## EXERCISE DIRECTIONS
Reproduce the data word for word, keeping every line complete.

Dataset excerpts:
* * * * * * * * *

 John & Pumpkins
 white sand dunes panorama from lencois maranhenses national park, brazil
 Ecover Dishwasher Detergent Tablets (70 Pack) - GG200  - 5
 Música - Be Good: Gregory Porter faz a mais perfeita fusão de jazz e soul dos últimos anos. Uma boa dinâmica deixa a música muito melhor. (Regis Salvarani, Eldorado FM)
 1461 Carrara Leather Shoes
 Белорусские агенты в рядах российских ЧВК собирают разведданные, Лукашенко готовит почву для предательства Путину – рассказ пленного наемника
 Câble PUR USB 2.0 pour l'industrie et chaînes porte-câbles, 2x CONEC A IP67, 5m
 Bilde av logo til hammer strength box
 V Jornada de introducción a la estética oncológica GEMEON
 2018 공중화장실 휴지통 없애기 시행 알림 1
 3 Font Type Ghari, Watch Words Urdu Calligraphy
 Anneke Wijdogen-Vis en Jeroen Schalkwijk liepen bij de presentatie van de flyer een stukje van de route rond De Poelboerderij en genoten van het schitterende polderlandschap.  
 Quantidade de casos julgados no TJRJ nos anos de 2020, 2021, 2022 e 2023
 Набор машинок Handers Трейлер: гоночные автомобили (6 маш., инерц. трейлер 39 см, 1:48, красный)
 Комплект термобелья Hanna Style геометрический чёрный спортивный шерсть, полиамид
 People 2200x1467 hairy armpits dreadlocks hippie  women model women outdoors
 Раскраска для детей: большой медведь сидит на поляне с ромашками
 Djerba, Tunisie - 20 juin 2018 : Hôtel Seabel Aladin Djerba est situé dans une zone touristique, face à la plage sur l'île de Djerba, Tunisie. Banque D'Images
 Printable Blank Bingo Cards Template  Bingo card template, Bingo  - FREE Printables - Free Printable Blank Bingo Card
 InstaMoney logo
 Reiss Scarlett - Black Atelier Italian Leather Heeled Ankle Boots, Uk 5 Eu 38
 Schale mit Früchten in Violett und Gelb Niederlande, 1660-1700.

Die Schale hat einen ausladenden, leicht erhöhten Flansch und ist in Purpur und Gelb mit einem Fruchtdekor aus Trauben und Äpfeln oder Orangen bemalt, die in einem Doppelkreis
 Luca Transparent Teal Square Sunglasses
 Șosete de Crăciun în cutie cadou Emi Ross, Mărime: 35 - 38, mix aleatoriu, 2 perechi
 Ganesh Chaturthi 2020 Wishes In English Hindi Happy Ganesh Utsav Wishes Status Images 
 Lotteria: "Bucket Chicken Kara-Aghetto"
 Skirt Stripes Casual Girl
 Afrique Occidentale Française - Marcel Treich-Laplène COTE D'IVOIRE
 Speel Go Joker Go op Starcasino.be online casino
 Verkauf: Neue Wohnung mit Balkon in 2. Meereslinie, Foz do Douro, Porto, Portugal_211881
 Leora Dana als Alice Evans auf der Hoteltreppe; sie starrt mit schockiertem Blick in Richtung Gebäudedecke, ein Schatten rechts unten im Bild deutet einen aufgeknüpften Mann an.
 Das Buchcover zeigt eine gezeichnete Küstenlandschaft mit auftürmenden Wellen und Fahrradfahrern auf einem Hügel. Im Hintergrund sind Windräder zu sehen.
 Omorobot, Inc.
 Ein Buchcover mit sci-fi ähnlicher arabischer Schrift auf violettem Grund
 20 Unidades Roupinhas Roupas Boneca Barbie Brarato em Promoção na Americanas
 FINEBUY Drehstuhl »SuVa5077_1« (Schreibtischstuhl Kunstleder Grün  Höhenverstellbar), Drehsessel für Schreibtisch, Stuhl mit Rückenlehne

* * * * * * * * *

## WRITTEN REPLY
 John & Pumpkins
 white sand dunes panorama from lencois maranhenses national park, brazil
 Ecover Dishwasher Detergent Tablets (70 Pack) - GG200  - 5
 Música - Be Good: Gregory Porter faz a mais perfeita fusão de jazz e soul dos últimos anos. Uma boa dinâmica deixa a música muito melhor. (Regis Salvarani, Eldorado FM)
 1461 Carrara Leather Shoes
 Белорусские агенты в рядах российских ЧВК собирают разведданные, Лукашенко готовит почву для предательства Путину – рассказ пленного наемника
 Câble PUR USB 2.0 pour l'industrie et chaînes porte-câbles, 2x CONEC A IP67, 5m
 Bilde av logo til hammer strength box
 V Jornada de introducción a la estética oncológica GEMEON
 2018 공중화장실 휴지통 없애기 시행 알림 1
 3 Font Type Ghari, Watch Words Urdu Calligraphy
 Anneke Wijdogen-Vis en Jeroen Schalkwijk liepen bij de presentatie van de flyer een stukje van de route rond De Poelboerderij en genoten van het schitterende polderlandschap.  
 Quantidade de casos julgados no TJRJ nos anos de 2020, 2021, 2022 e 2023
 Набор машинок Handers Трейлер: гоночные автомобили (6 маш., инерц. трейлер 39 см, 1:48, красный)
 Комплект термобелья Hanna Style геометрический чёрный спортивный шерсть, полиамид
 People 2200x1467 hairy armpits dreadlocks hippie  women model women outdoors
 Раскраска для детей: большой медведь сидит на поляне с ромашками
 Djerba, Tunisie - 20 juin 2018 : Hôtel Seabel Aladin Djerba est situé dans une zone touristique, face à la plage sur l'île de Djerba, Tunisie. Banque D'Images
 Printable Blank Bingo Cards Template  Bingo card template, Bingo  - FREE Printables - Free Printable Blank Bingo Card
 InstaMoney logo
 Reiss Scarlett - Black Atelier Italian Leather Heeled Ankle Boots, Uk 5 Eu 38
 Schale mit Früchten in Violett und Gelb Niederlande, 1660-1700.

Die Schale hat einen ausladenden, leicht erhöhten Flansch und ist in Purpur und Gelb mit einem Fruchtdekor aus Trauben und Äpfeln oder Orangen bemalt, die in einem Doppelkreis
 Luca Transparent Teal Square Sunglasses
 Șosete de Crăciun în cutie cadou Emi Ross, Mărime: 35 - 38, mix aleatoriu, 2 perechi
 Ganesh Chaturthi 2020 Wishes In English Hindi Happy Ganesh Utsav Wishes Status Images 
 Lotteria: "Bucket Chicken Kara-Aghetto"
 Skirt Stripes Casual Girl
 Afrique Occidentale Française - Marcel Treich-Laplène COTE D'IVOIRE
 Speel Go Joker Go op Starcasino.be online casino
 Verkauf: Neue Wohnung mit Balkon in 2. Meereslinie, Foz do Douro, Porto, Portugal_211881
 Leora Dana als Alice Evans auf der Hoteltreppe; sie starrt mit schockiertem Blick in Richtung Gebäudedecke, ein Schatten rechts unten im Bild deutet einen aufgeknüpften Mann an.
 Das Buchcover zeigt eine gezeichnete Küstenlandschaft mit auftürmenden Wellen und Fahrradfahrern auf einem Hügel. Im Hintergrund sind Windräder zu sehen.
 Omorobot, Inc.
 Ein Buchcover mit sci-fi ähnlicher arabischer Schrift auf violettem Grund
 20 Unidades Roupinhas Roupas Boneca Barbie Brarato em Promoção na Americanas
 FINEBUY Drehstuhl »SuVa5077_1« (Schreibtischstuhl Kunstleder Grün  Höhenverstellbar), Drehsessel für Schreibtisch, Stuhl mit Rückenlehne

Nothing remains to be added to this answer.